Why does this parenting stuff have to be so tough? Today, I’m just done. Beat. Tired. Emotional drained. Done.
I’m done being a single parent. This is a whole lot more fun when my husband comes home from work and is the fun one, throwing Trigger in the air and making him giggle. Trigger doesn’t understand why his dad isn’t home during the week. The hubs moves down for real on Friday. Two more days. Two long effin days!
I’m done having a stupid freakin cast on my arm. Do you know how hard it is to drag a toddler out of Goodwill with one hand? Yup, it suuuuuuuuuuuucks to pull 27 pounds of dead weight, kicking and screaming for the ride-on toy! There was no reasoning with him. I tried that. There was no talking gently at eye-level telling him I understand that he wants the car but we can’t get it today. Nope. No bribing with fruit snacks. Not even a french fry bribe worked. So that was a fun parenting fail.

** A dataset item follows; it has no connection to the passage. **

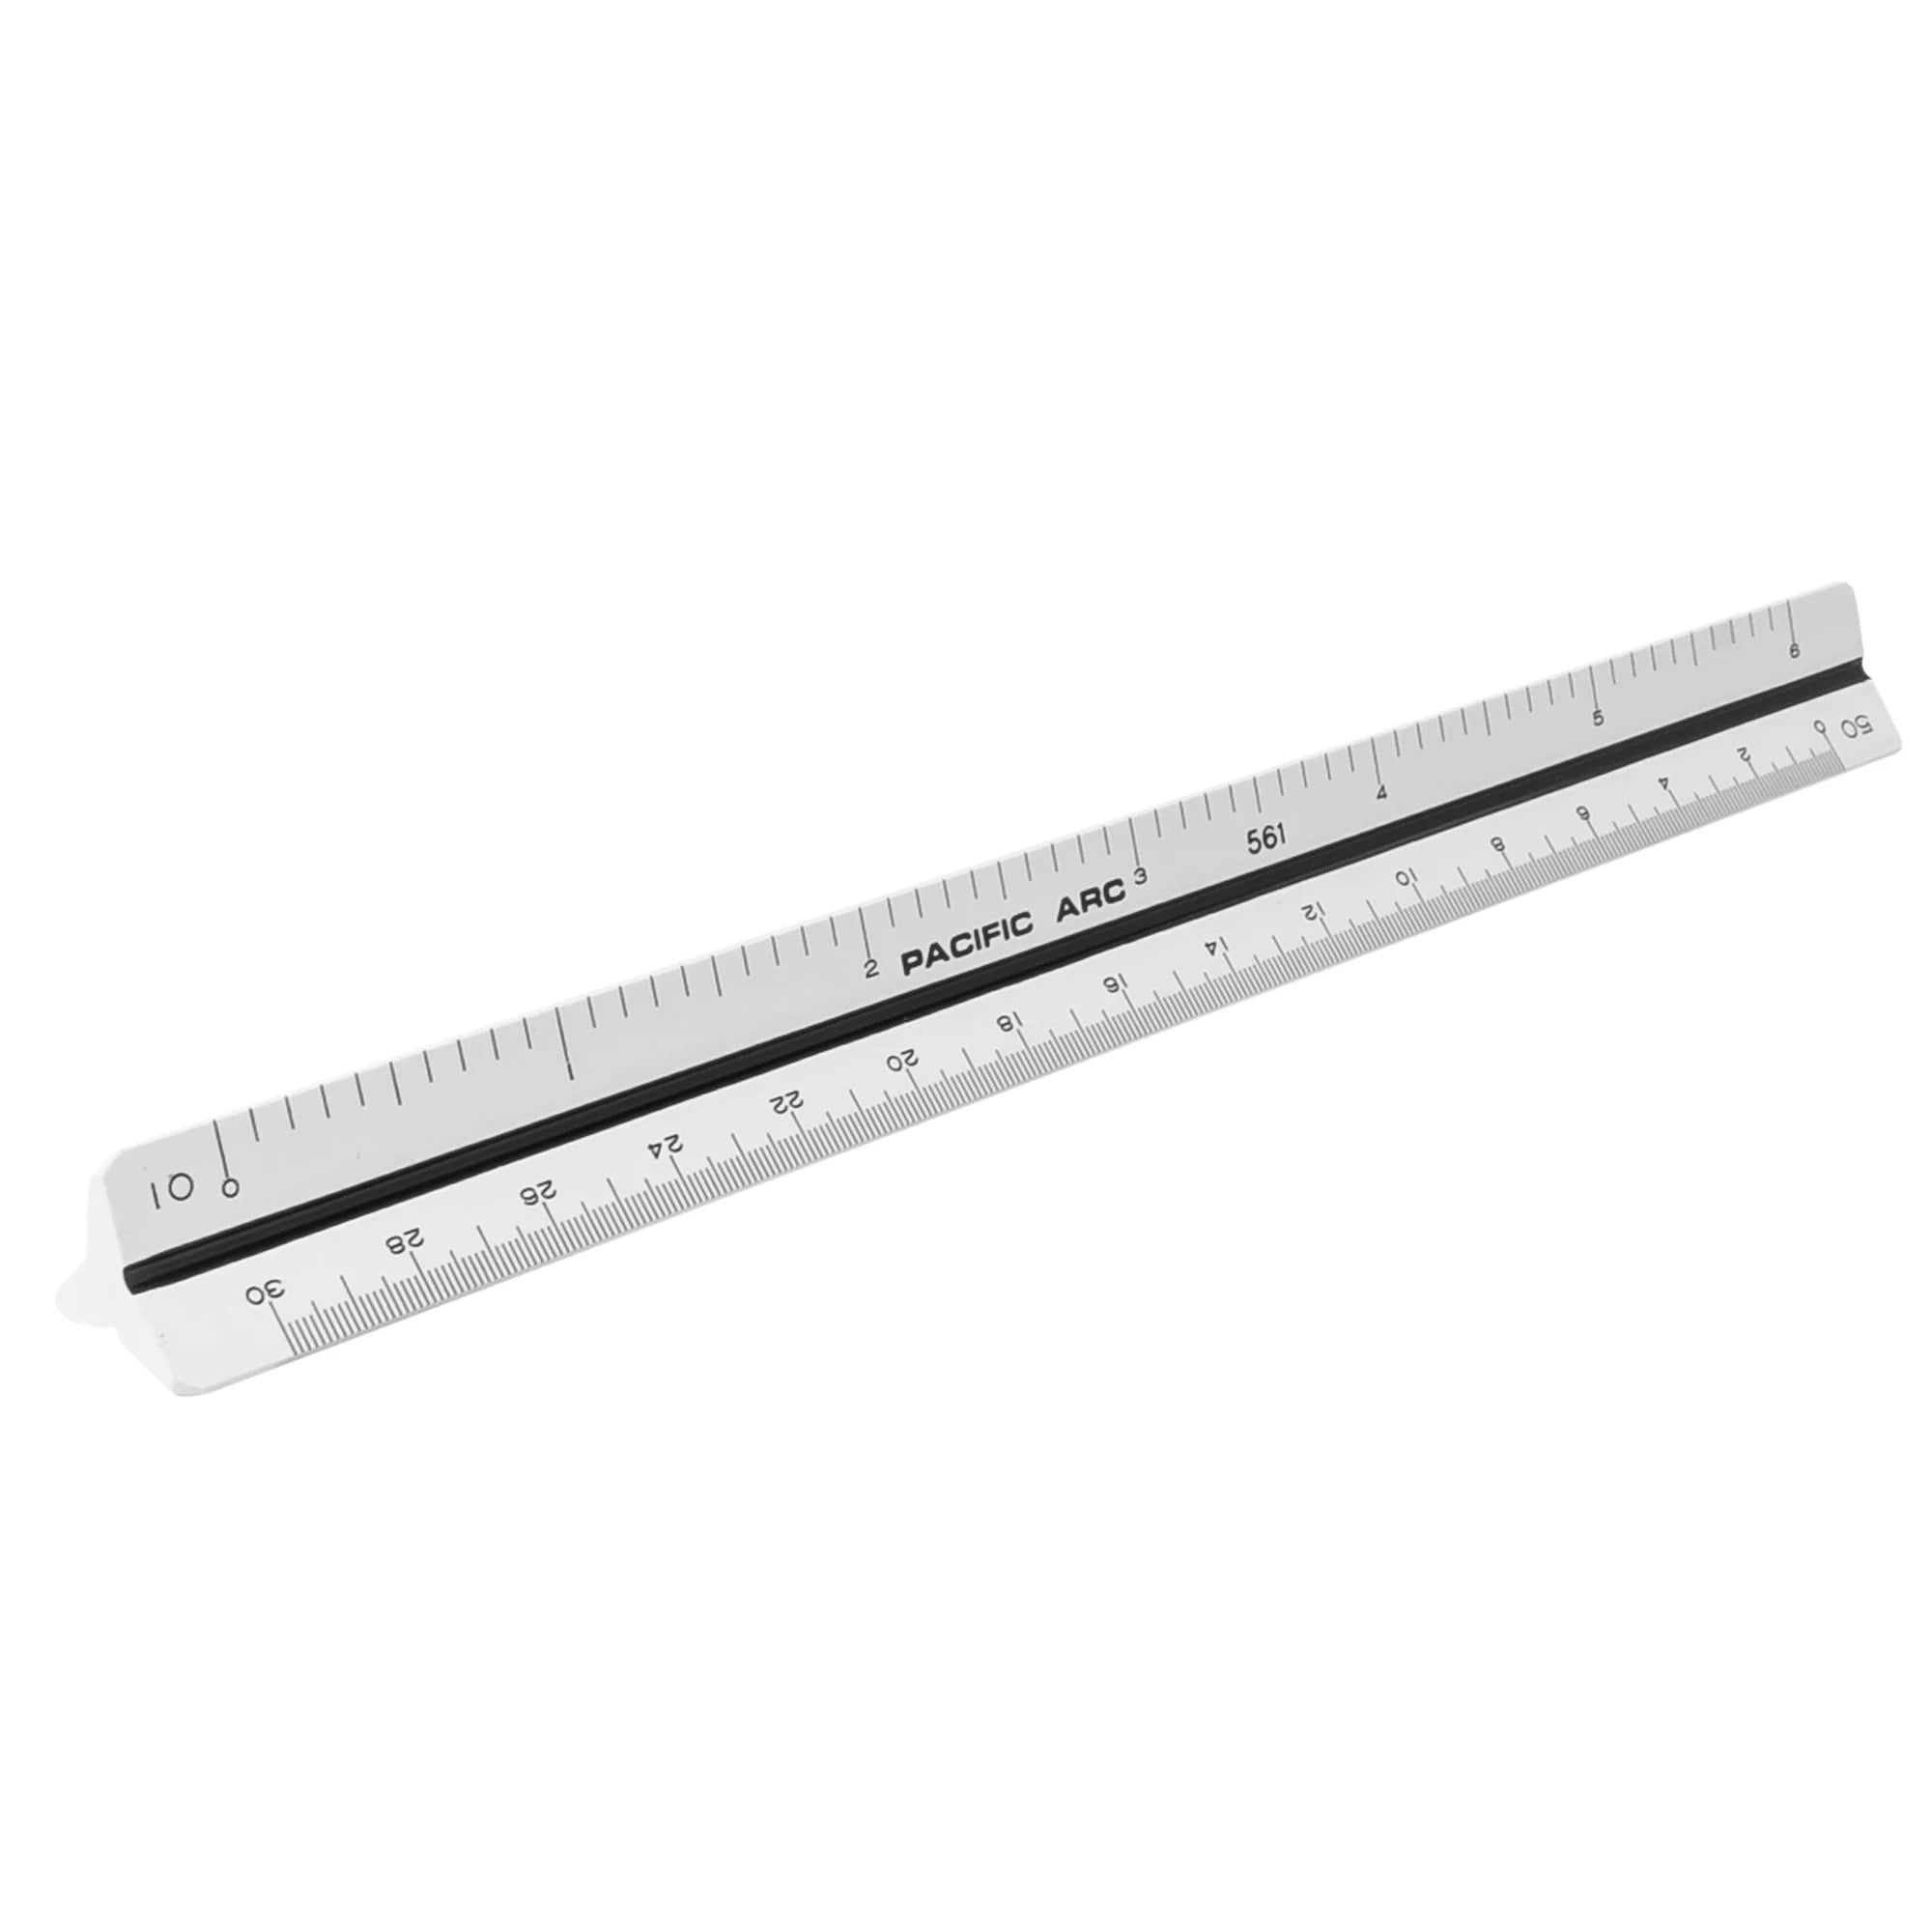 Pacific Arc, Architect Color Coded Scale Ruler, Divided by: 1/16th inch,  3/32 inch, 1/8 inch, 3/16 inch, 1/4 inch, 3/8 inch, 1/2 inch, 3/4 inch, 1  inch, 1-1/2 inch, 3 inch scale degrees. 12 inch

Today had so many difficult moments. Crying, screaming, throwing food, fall-on-the-floor fits, “no, no NO”, “mommy, mommy, mommy”. Yes, I signed up for this. I thought because I had a mellow 1 year old that I could handle another baby. And then Trigger turned 18 months and I thought, “what in the hell were we thinking?”. Our days are mixed with so much insanity (no, not the workout) and love. Yes, of course, there is lots of LOVE.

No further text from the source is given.